Cathédrale Saint-Pierre, 14 novembre 2021,
33ème dimanche du T.O.

Messe à l’intention des bienfaiteurs du diocèse

Où va notre monde ? Quel est le destin personnel de chacun de nous ? Les derniers jours de l’année liturgique, comme ce dimanche, nous tournent vers l’avenir. Le « Je crois en Dieu » nous dit où nous allons quand nous affirmons : « j’attends la résurrection de la chair et la vie du monde à venir ». Voilà notre avenir ! Il y a un but clairement affirmé par la foi : la vie éternelle. Pour l’atteindre, un passage est affirmé également : notre mort corporelle. Il y a enfin une espérance bien claire : le salut de notre corps et de notre âme, de tout ce que nous sommes.

La fête de la Toussaint, il y a une quinzaine de jours, nous a présenté les saints comme ceux qui sont arrivés heureusement au bout de la route et nous avons été encouragés à emprunter à notre tour ce chemin à travers nos faiblesses. Aujourd’hui, il nous faut regarder notre marche vers la vie éternelle. La première chose à faire, c’est de ne pas nous endormir dans notre vie actuelle car notre monde va passer. Beaucoup s’inquiètent de la crise écologique. Mais l’Evangile nous parle d’autre chose. Nous ne sommes pas faits pour la mort.
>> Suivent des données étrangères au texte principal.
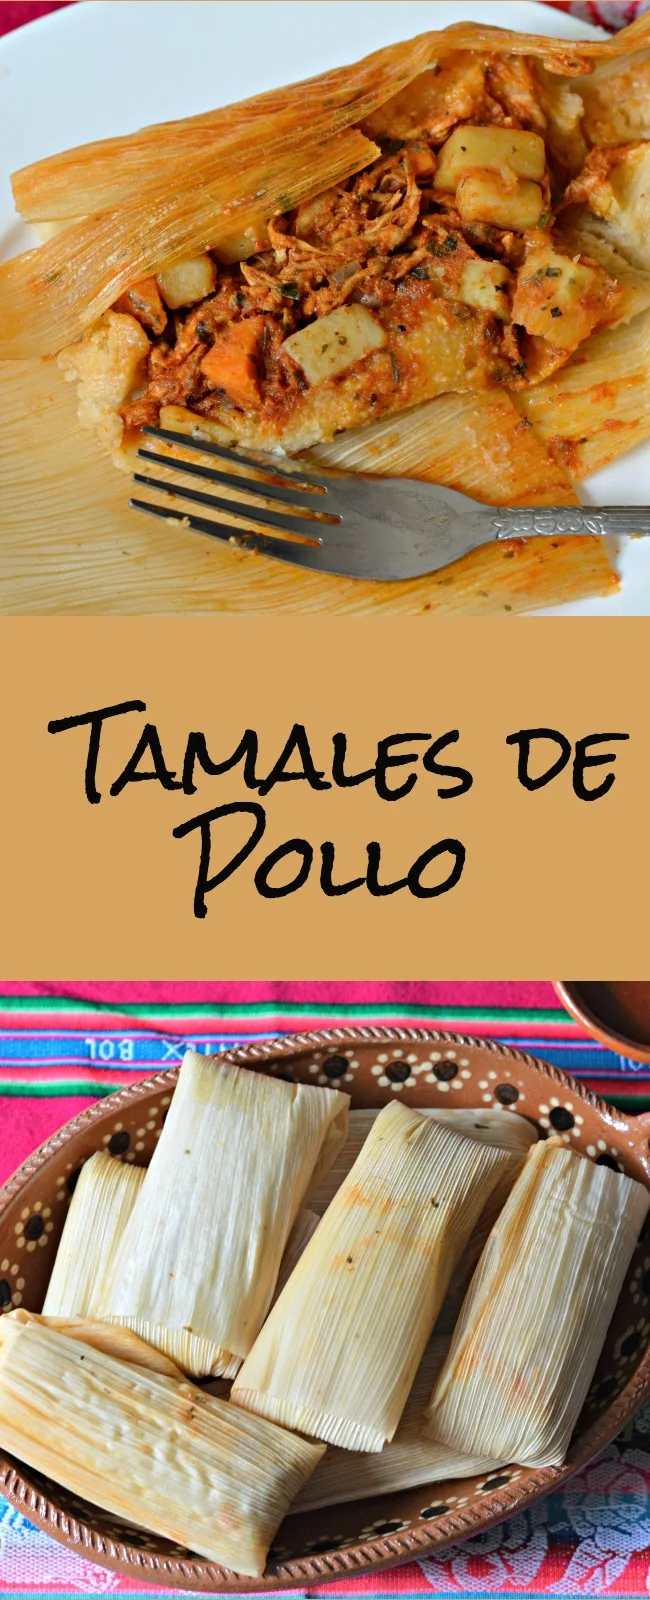 Si disfrutas de la autentica comida mexicana, definitivamente esta receta es para ti. Los tamales son deliciosos y todo un arte para cocinarlos! No dejes de probarlos porque te encantaran!

Si nous ne voyons que notre seule existence terrestre, depuis notre naissance jusqu’à notre mort, et pensons qu’avec la mort tout est fini, le message de l’Evangile n’a plus de place. Il en est de même pour le Christ Jésus. Si nous ne gardons de lui que le récit de sa naissance, des années de sa vie publique, de sa passion jusqu’à sa mort, et si nous ne parlons pas de sa résurrection, Jésus n’est qu’un homme comme nous.

Notre vie est bien plus grande qu’il n’y paraît. Comme il serait important de parler du jour de notre mort à la manière des premiers chrétiens. Ils l’appelaient « le jour de la naissance », de la naissance au ciel, bien entendu. Sainte Thérèse de l’Enfant Jésus reprend cette intuition en disant « Je ne meurs pas, j’entre dans la vie ».

Ce qui est vrai de chacun de nous l’est aussi pour notre monde. Vous connaissez cette phrase de saint Paul dans l’épître aux Romains : « la création toute entière gémit dans les douleurs de l’enfantement ». Cette phrase signifie que notre monde est en souffrance. Il gémit comme quelqu’un qui n’a pas la force d’articuler des mots et de construire des phrases. Il gémit dans l’attente d’une naissance. Qu’est-ce qui va naître, qu’est-ce qui se prépare ? Le monde nouveau que Dieu va susciter. Il sera différent de celui que nous connaissons et il faudra donc que ce vieux monde disparaisse. Les images utilisées par Jésus dans le passage d’Evangile qui vient d’être lu se comprennent bien. Quelque chose de nouveau se prépare, de beau et merveilleux, c’est certain !

Nous nous trouvons dans le temps de l’espérance. Espérer, ce n’est pas voir, c’est attendre avec confiance, c’est désirer du fond du cœur que Dieu réalise ce qu’Il a promis. Espérer ne signifie pas attendre passivement que les choses viennent, mais s’engager de toutes ses forces pour servir le projet de Dieu. Ce qui compte en définitive, c’est la manière dont nous vivons au quotidien à travers la dureté des temps.

Aujourd’hui, comme chaque dimanche, nous nous réunissons dans les églises pour célébrer l’Eucharistie, pour annoncer que le Christ Jésus est présent dans notre monde et qu’Il y agit, pour accueillir sa parole comme un appel pour une nouvelle manière de vivre. Ainsi se trouve renouvelée notre espérance : demain ne sera pas le jour de la détresse ou du mal triomphant, ce sera le jour de la Vie. Le Christ que nous célébrons, entendons et recevons, nous l’affirme.

Cette messe est célébrée tout particulièrement pour les personnes qui ont donné leur appui, leur temps et de leur argent pour notre diocèse. Ils et elles l’ont fait pour que notre Eglise puisse poursuivre sa mission. Confions-les ensemble au Seigneur avec reconnaissance.